The answer must reproduce the listing exactly, with every picture left out.

(STORED DATA)

----

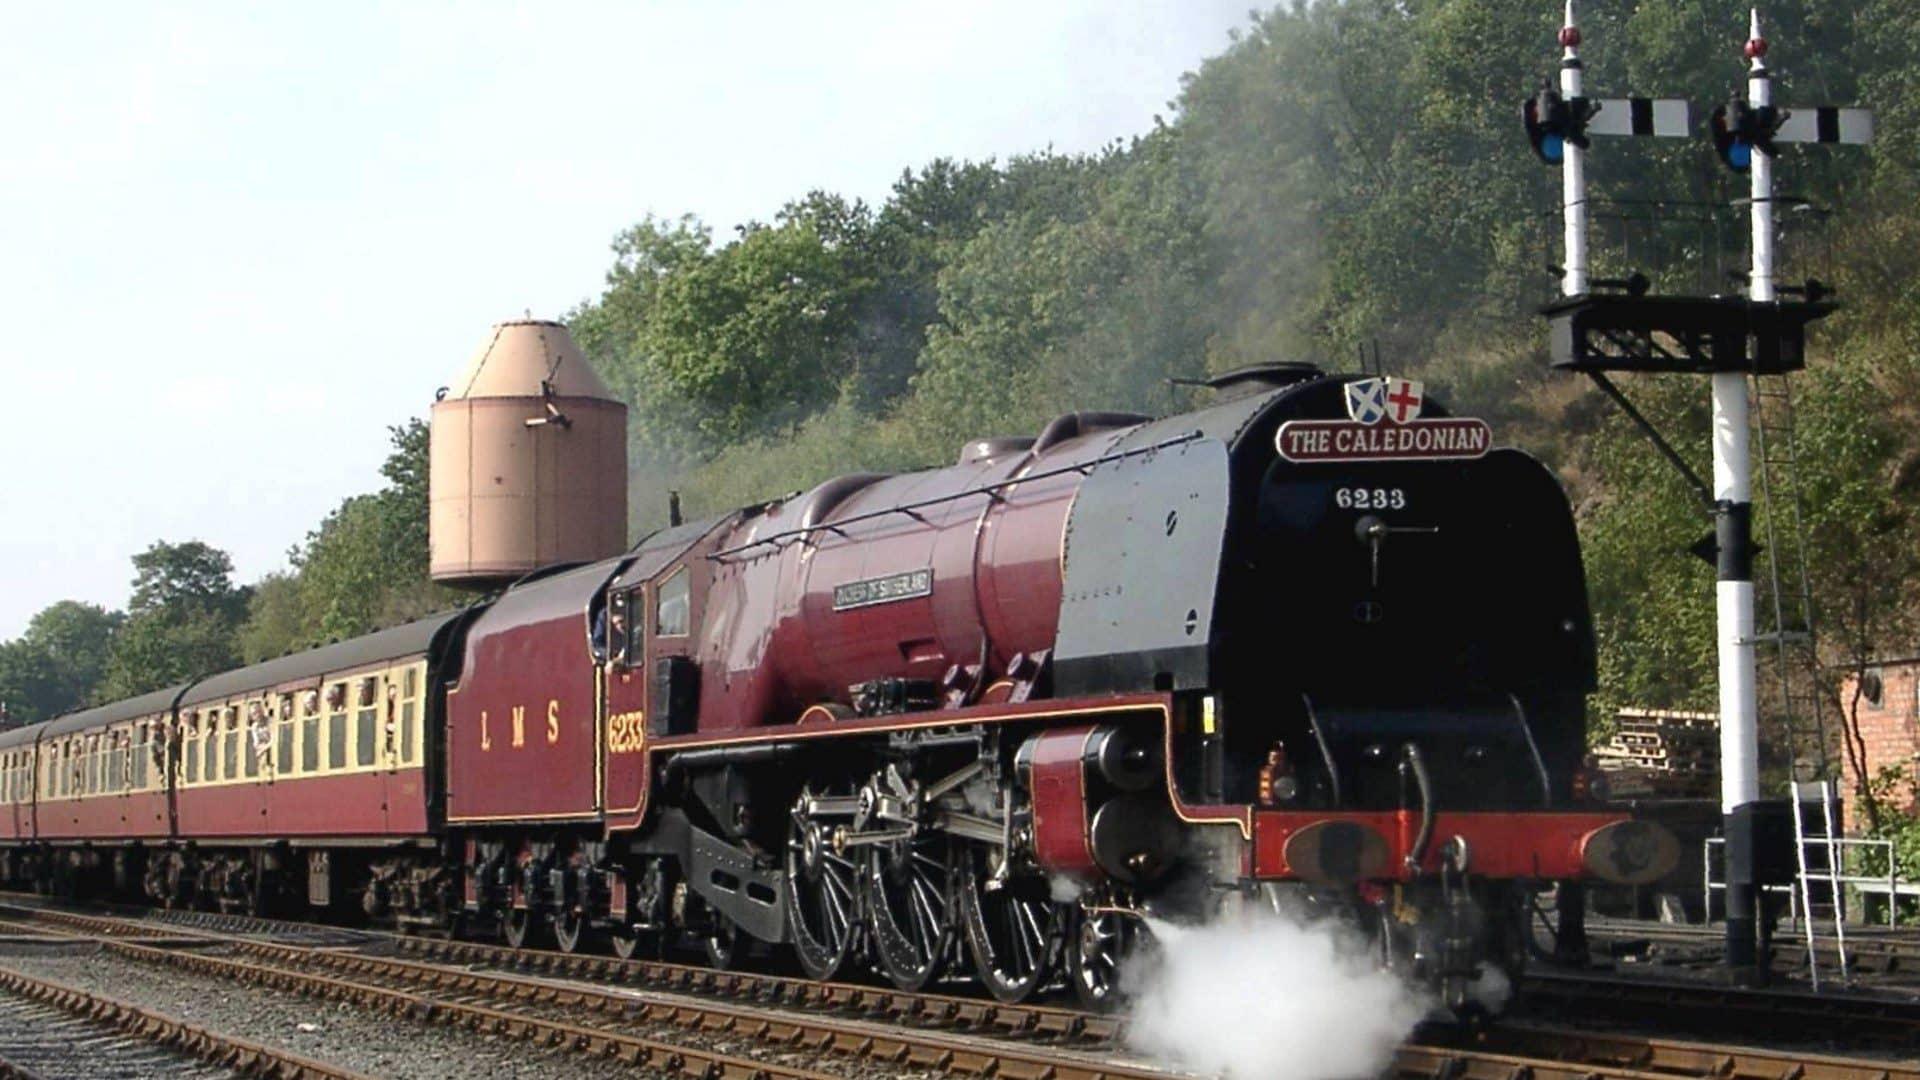 6233 Duchess of Sunderland on the Severn Valley Railway // Credit Severn Valley Railway
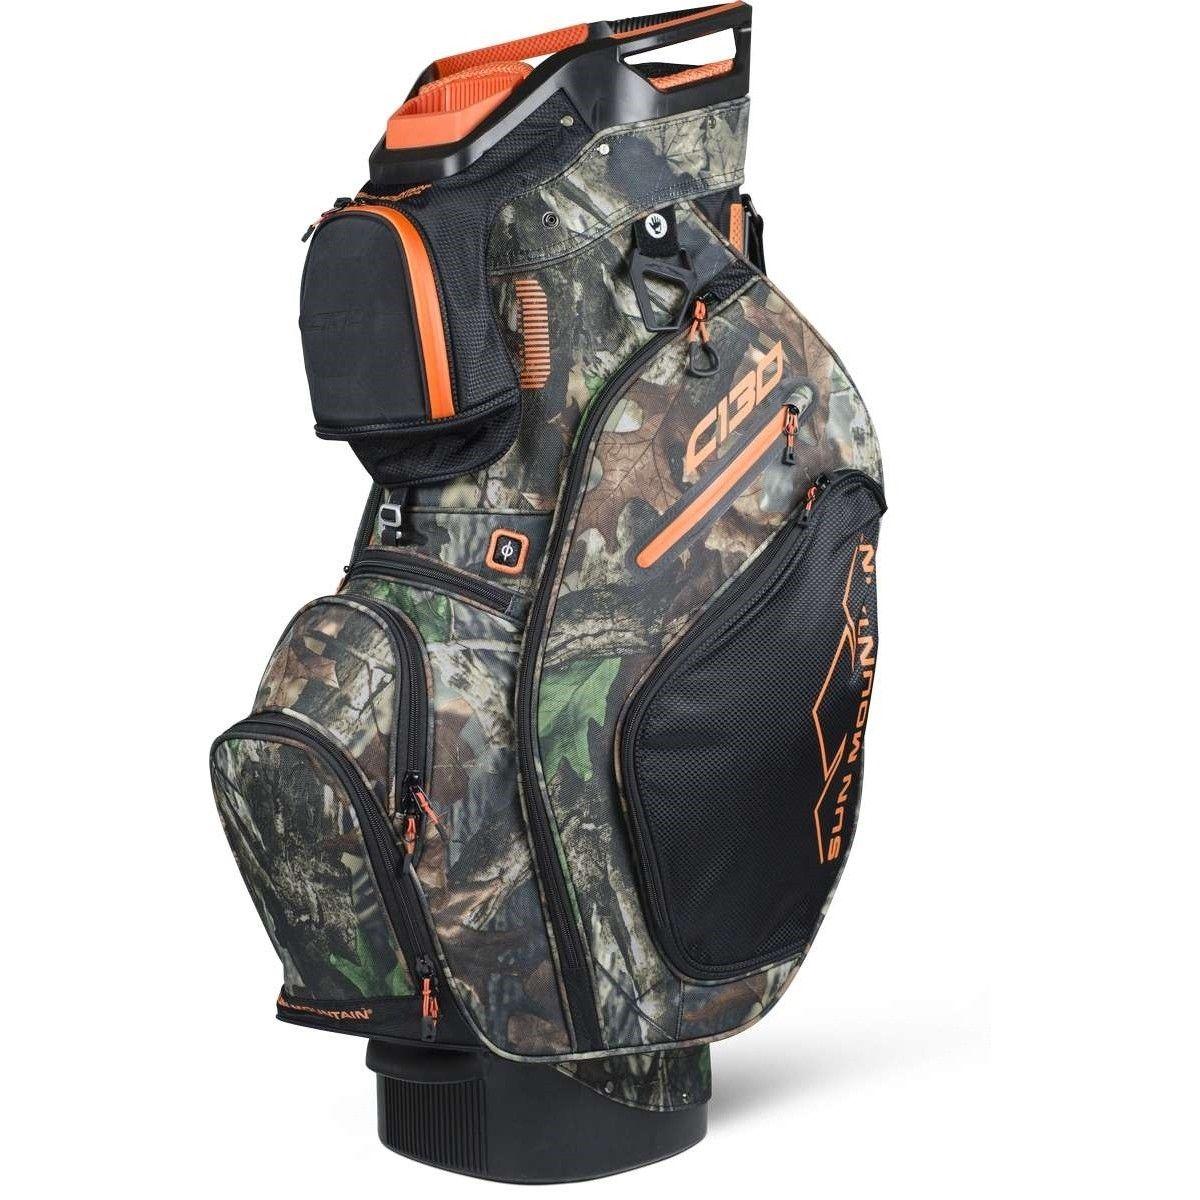 Sun Mountain C 130 Cart Bag 2018 Camo Golf Bags For Sale Golf Shoe Bag Golf Bags
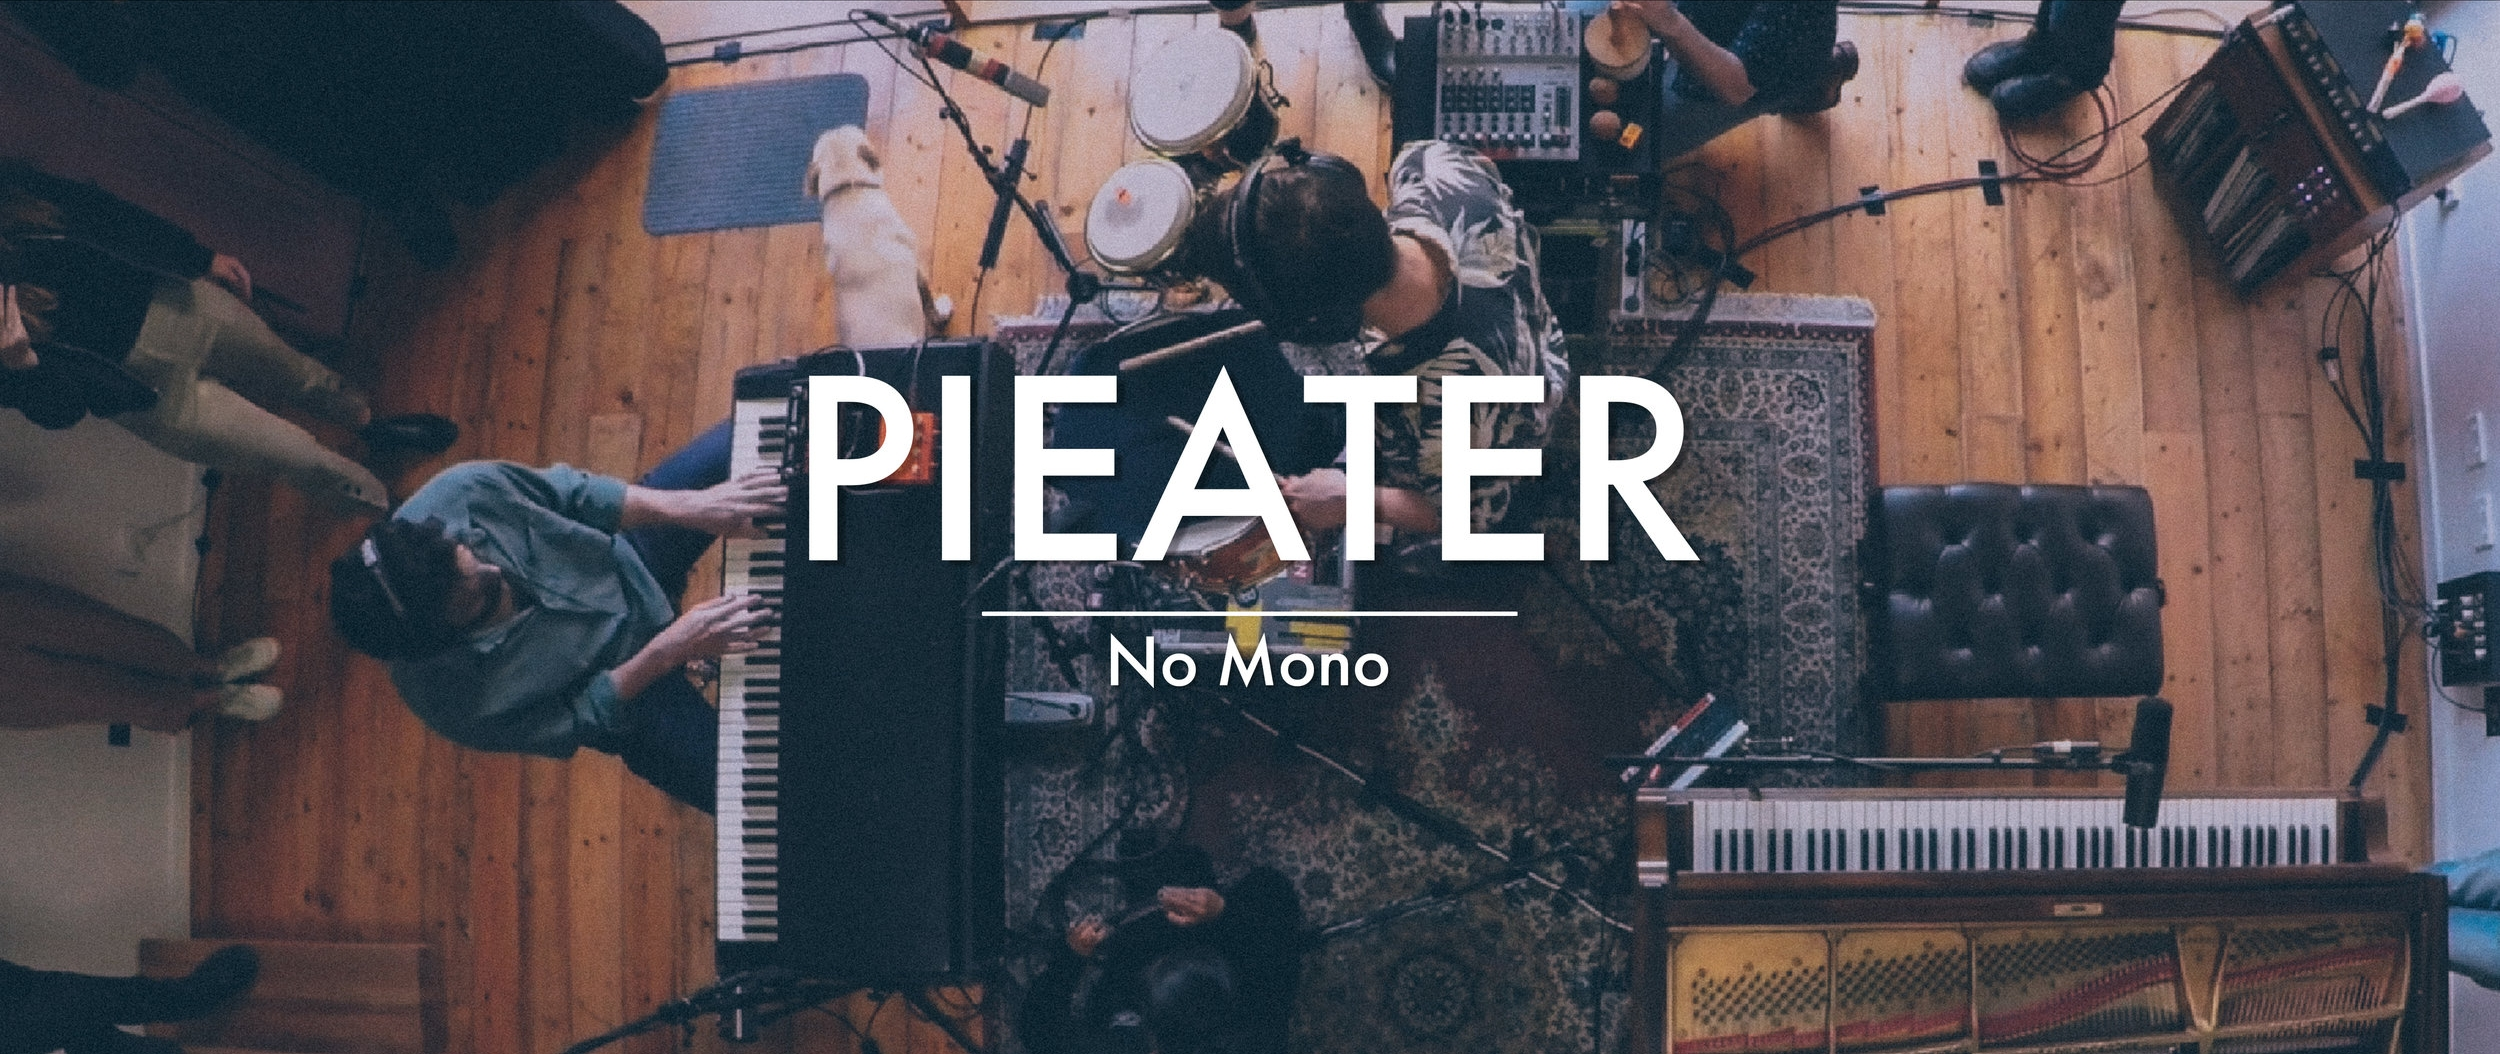 pie-eater-no-mono.jpg
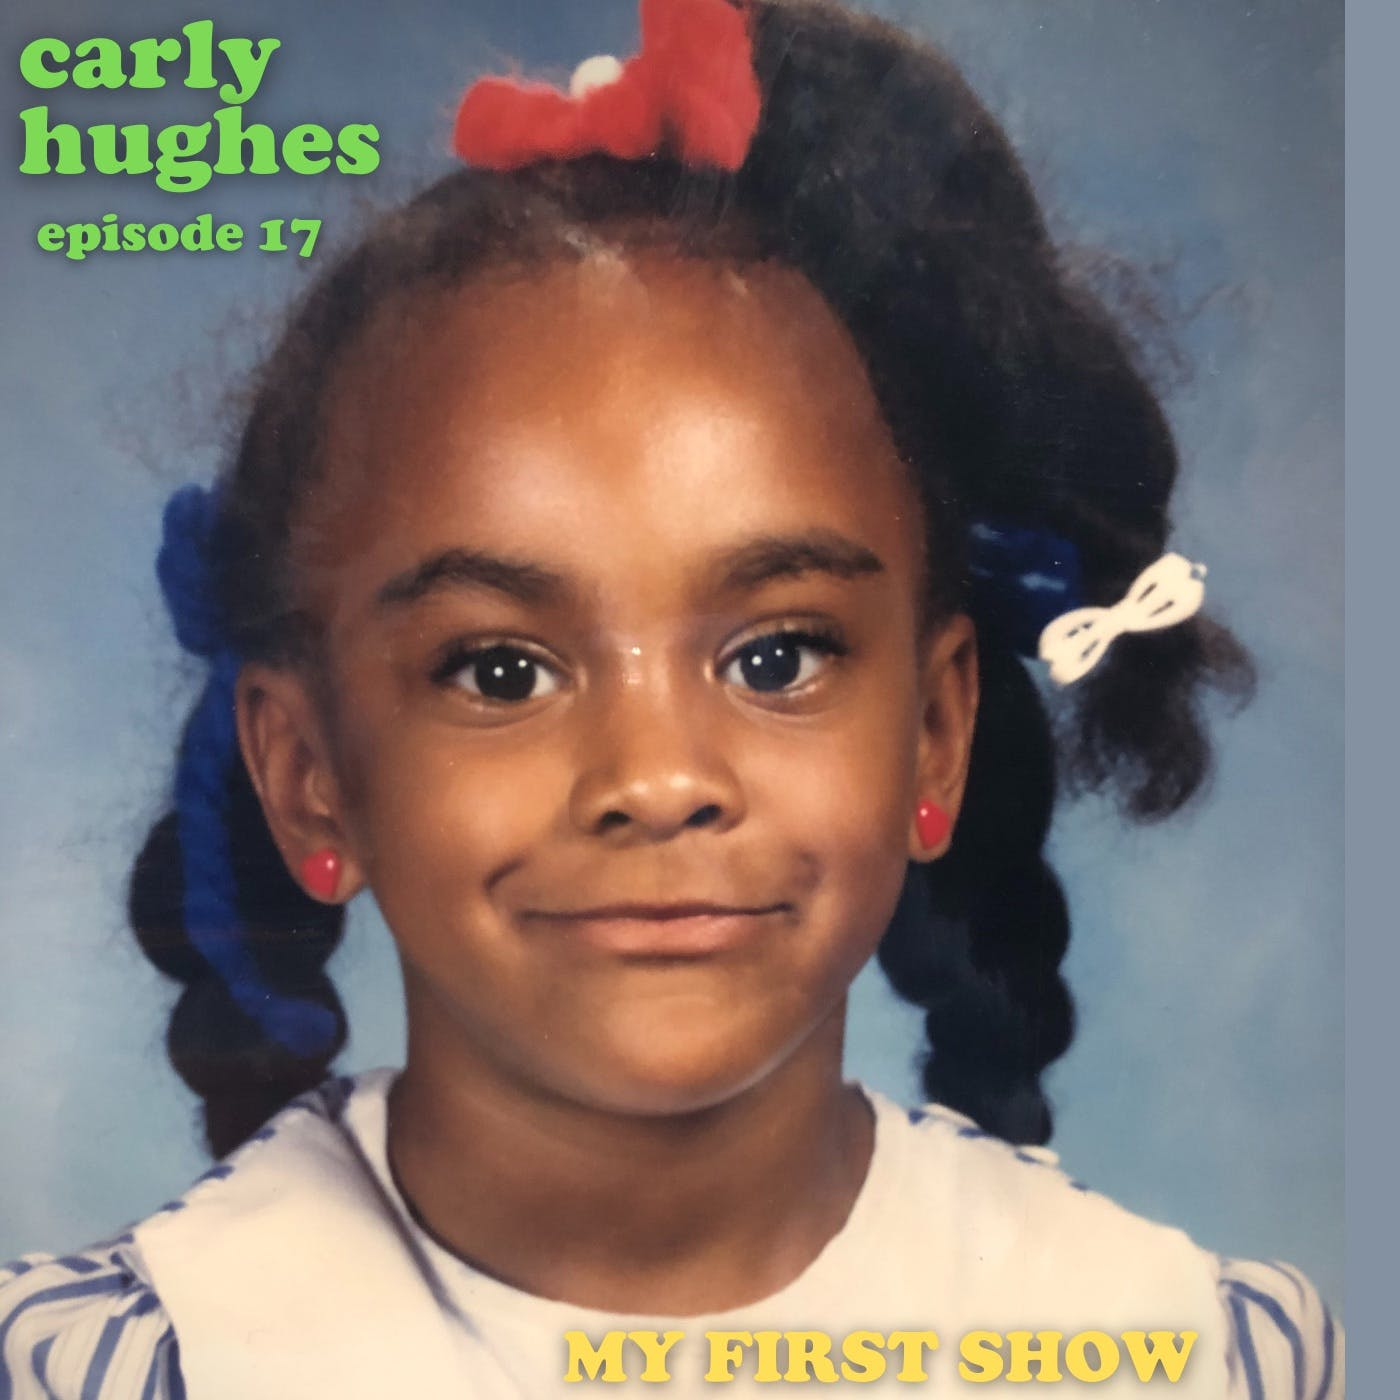 S1/Ep17: Carly Hughes

----

(COMPLETED TASK)
 6233 Duchess of Sunderland on the Severn Valley Railway // Credit Severn Valley Railway
 Sun Mountain C 130 Cart Bag 2018 Camo Golf Bags For Sale Golf Shoe Bag Golf Bags
 pie-eater-no-mono.jpg
 S1/Ep17: Carly Hughes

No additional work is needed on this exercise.